One approach to this problem is to develop networks that provide both predictions and a measure of their uncertainty, enabling decisions to be referred to humans when they are presented with difficult or OOD data samples. Bayesian Neural Networks (BNN) that learn a distribution of weights are capable of this; one popular aproach is to appromixate a BNN using dropout-based variational inference[gal2016dropout]. Another common approach is the deployment of an ensemble of neural networks [lakshminarayanan2017simple]. A comprehensive evaluation of uncertainty methods for classification found that the quality of uncertainty measures degraded as the size of the distributional shift increased [ovadia2019can]. Some work has evaluated these methods in the context of image segmentation but is typically confined to evaluating the utility of the uncertainty methods in-distribution [jungo2018uncertainty, nair2020exploring]; work that does evaluate the uncertainty in an OOD setting typically investigates only small dataset shifts such as increased noise [haas2021uncertainty] or lower quality scans [mcclure2019knowing].
A second approach is to filter our anomalous data before it is fed to the task-specific network by using a generative model that can quantify the probability that a data sample is drawn from the distribution that the task-specific model was trained on. Of the generative approaches, autoregressive methods are attractive for two reasons: firstly, they allow for the computation of exact likelihoods, and secondly, a class of architectures that can be used for autoregressive prediction termed transformers[vaswani2017attention] are proving highly effective general-purpose architectures, achieving state-of-the-art performance across a range of tasks in language [devlin2018bert, brown2020language] and, increasingly, vision [dosovitskiy2020image]
. The high dimensionality of medical images makes it computationally infeasible to use transformers to model the sequence of raw pixel values, and a recent body of work has instead used transformers to model the compressed discrete latent space of an image obtained from a vector-quantised network such as a VQ-VAE or VQ-GAN[oord2017neural, razavi2019generating, esser2021taming]. This approach has provided state-of-the-art unsupervised pathology segmentation for 2D medical images [pinaya2021unsupervised]. Prior work has also shown that this vector-quantised class of auto-encoding methods can be used to substantially compress 3D medical images [tudosiu2020neuromorphologicaly]

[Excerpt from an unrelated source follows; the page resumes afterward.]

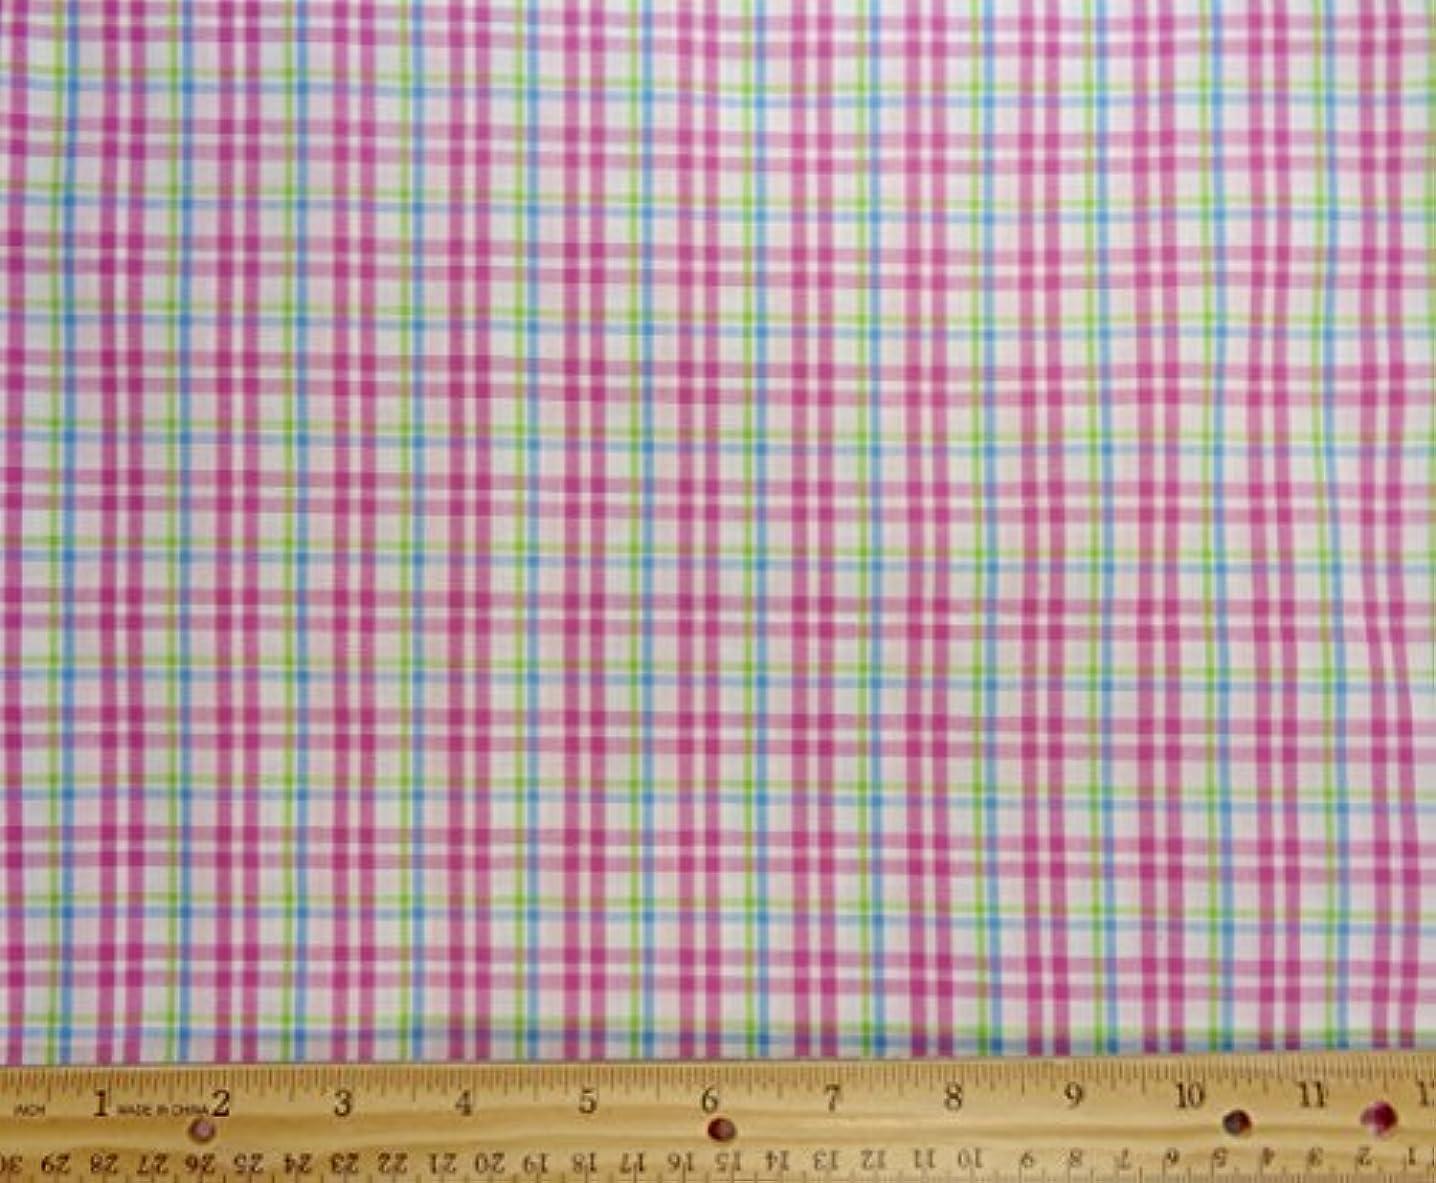 Summerville Plaid Pink Green Teal Cotton Fabric, 56

indicating the VQ-GAN + transformer approach might be applied to fully 3D anomaly detection but, to our knowledge, there is no published work attempting this.
In this work, we make two principal contributions, focusing on the problem of segmentation of haemorrhagic lesions in head CT data. Firstly, we evaluate segmentation uncertainty methods on a range of OOD inputs and demonstrate they can catastrophically fail, producing confidently wrong predictions. Secondly, we use transformers to perform image-wide OOD detection on 3D images. We find this can effectively flag OOD data that segmentation networks fail to perform well on, demonstrating their viability as a filter in clinical settings where robust and fully-automated segmentation pipelines are needed.
In this work, we focus on the challenge of segmenting Intracerebral Haemorrhages (ICH) in head CT data. The following sections summarise the datasets used, the trained segmentation networks, and the approach to training the VQ-GANs and transformers.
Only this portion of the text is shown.